По коридорам, по тем коридорам, где только что беспомощно ходил человек по делу о двух вагонах дичи, быстро проходят трое. Они, не спрашиваясь у секретаря, входят в кабинет замзава оперативного отдела и говорят бледному человеку, который обреченно сидит за столом и, видимо, ждет их:
- Вы арестованы.
- Это недоразумение! - деревянно говорит побледневший человек и тяжело встает на ноги.
- Конечно, это недоразумение! - повторяет он. И шарится в разбросанных на столе бумагах, кладет их с места на место, перекладывает и, вместо порядка, делает на столе еще больший беспорядок.
- Сдавайте скорее дела и идите за нами...
- Хорошо! Да, правильно! - Суетится человек, который уже перестал быть заместителем заведывающего оперативным отделом. - Да, да! Сдать дела... Нужно управделами.
Когда вызванный управделами входит озабоченно в кабинет, замзав оперативным отделом пытается улыбнуться.

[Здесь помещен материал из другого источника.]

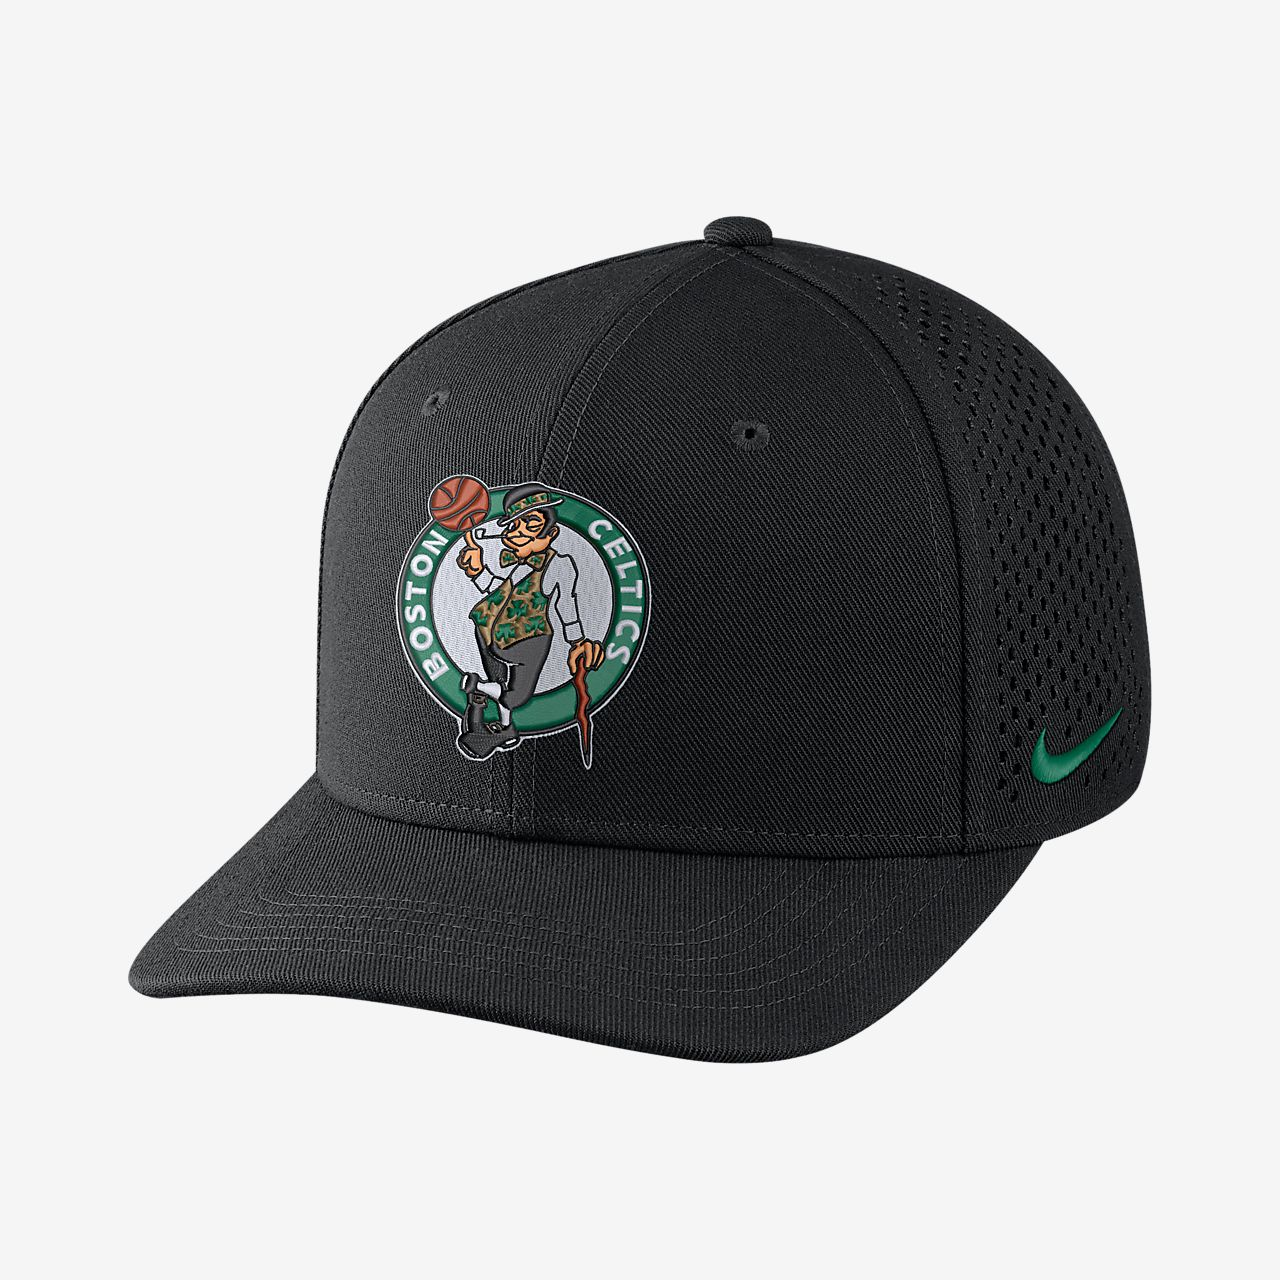 Boston Celtics Nike AeroBill Classic99 中性可調式 NBA 帽款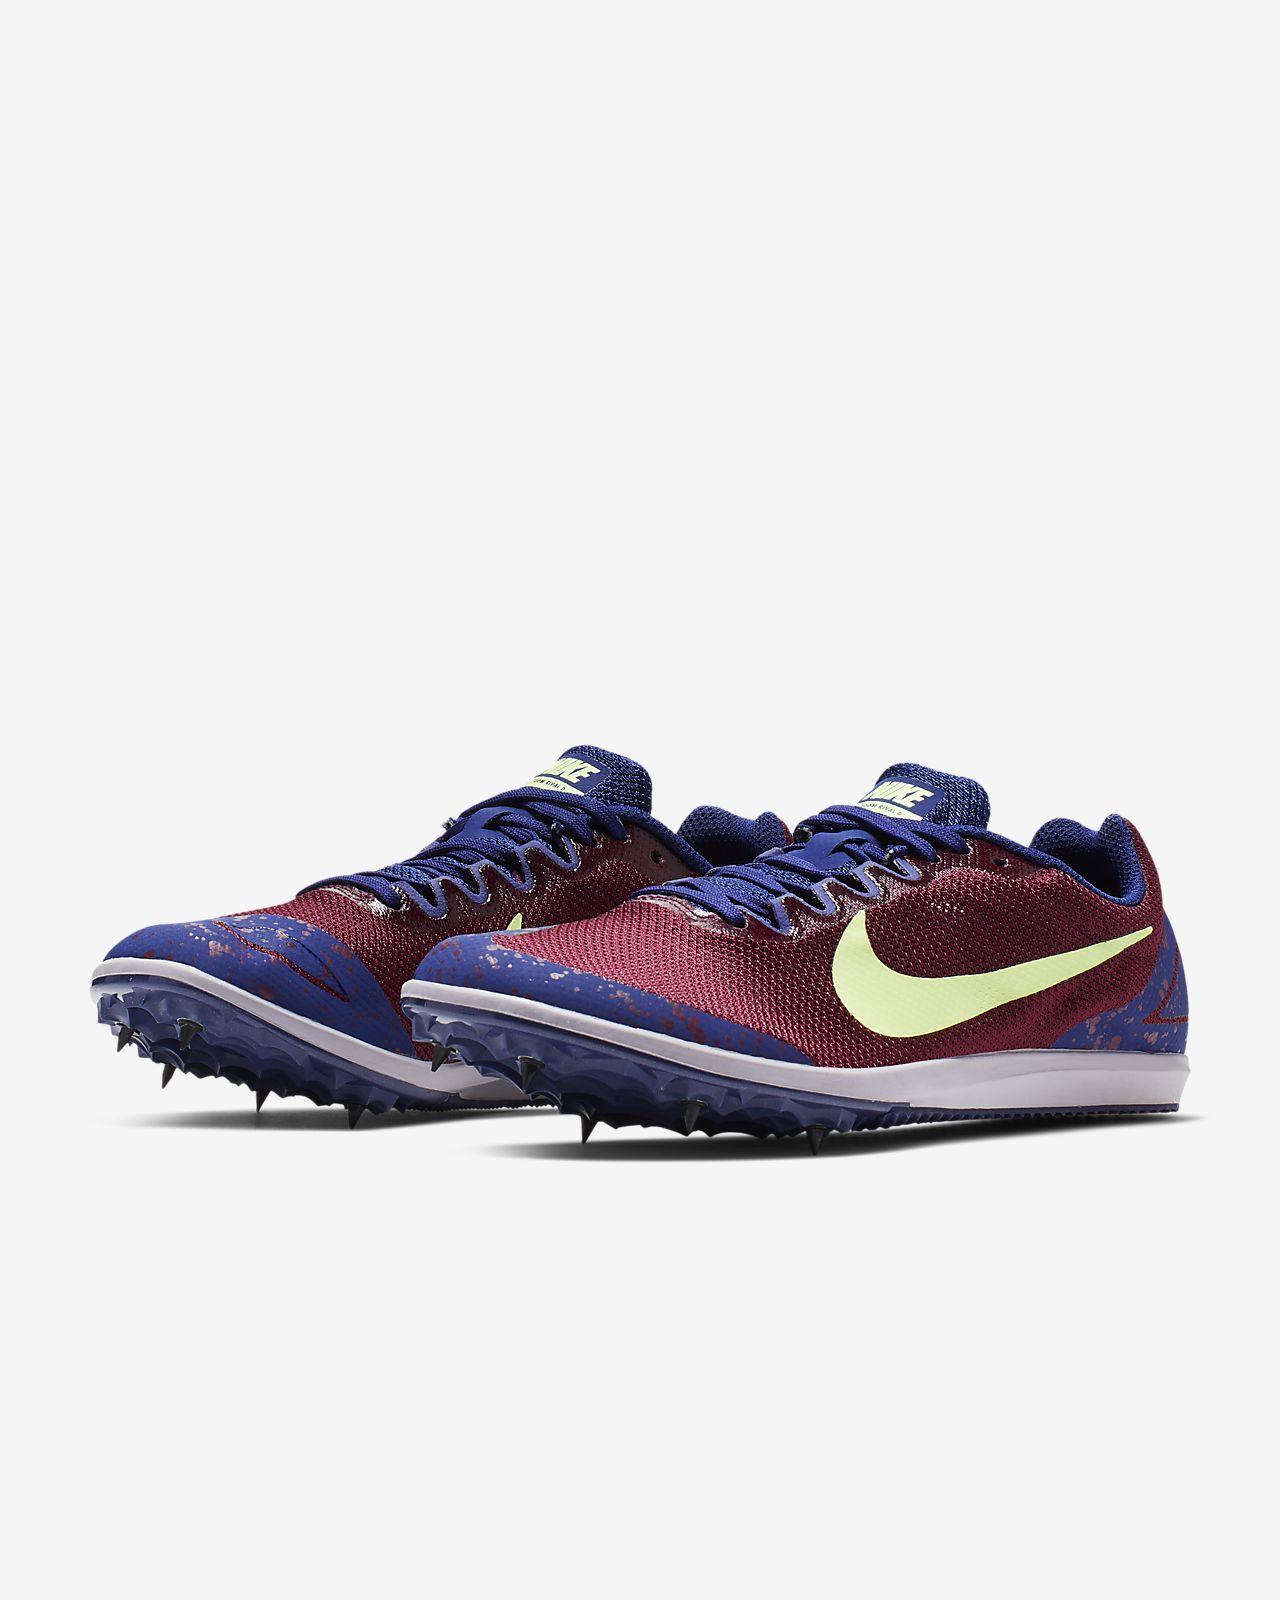 Nike Zoom Rival D 10 Track Spike Spikes für Damen Blau

- Вот, Виктор Тимофеевич, примите от меня бумаги... Какое-то недоразумение... Конечно, пустяк какой-нибудь!
Но улыбка эта странна на сером лице. Зубы, вздрагивая, складываются нелепо, словно для дикого звериного крика...
XIX.
Дикий звериный крик замирает в груди. Его не слышно в мертвом молчании жаркой, жадно замершей толпы. Его не было, этого крика, только серое лицо сразу стало темным, как бесплодная земля, а губы хватнули густой остановившийся воздух.
Вцепившись пальцами в решетку, на лобном месте своем, между двумя усталыми конвоирами, Синявский глядел на судей, на красное сукно, покрывавшее стол, на серую стену позади судей, на серую стену, украшенную гербом и одиноким портретом.
Сбоку, прямо против судей, многоголовая, многоглазая толпа, то замирая до жуткого и пугающего молчания, то вспыхивая гулом, несколько дней слушала, как вскрывалась шаг за шагом вся жизнь этого, обомлевшего теперь, в последний день, в последний час суда, человека. Жаркая, истомно дышавшая толпа многоглазо глядела на Синявского, и вот блеск этих глаз жег ему душу, и от них отворачивал он взгляд свой и исподлобья глядел на стену, на красное сукно, на беспокойные руки судей, жилистые, темные, шершавые руки, которые подпишут приговор.
Были дни, первые дни после ареста, когда Синявский упорно и настойчиво твердил:
- Я невиновен!.. Это роковое, нелепое недоразумение!
Были дни, когда он, почерпнув откуда-то силу и самообладание, на вопрос:
- Ваше имя? - твердо и уверенно отвечал:
- Кирилов, Иван Николаевич!
И даже очная ставка с Никитиным не скоро разбила упорство Синявского.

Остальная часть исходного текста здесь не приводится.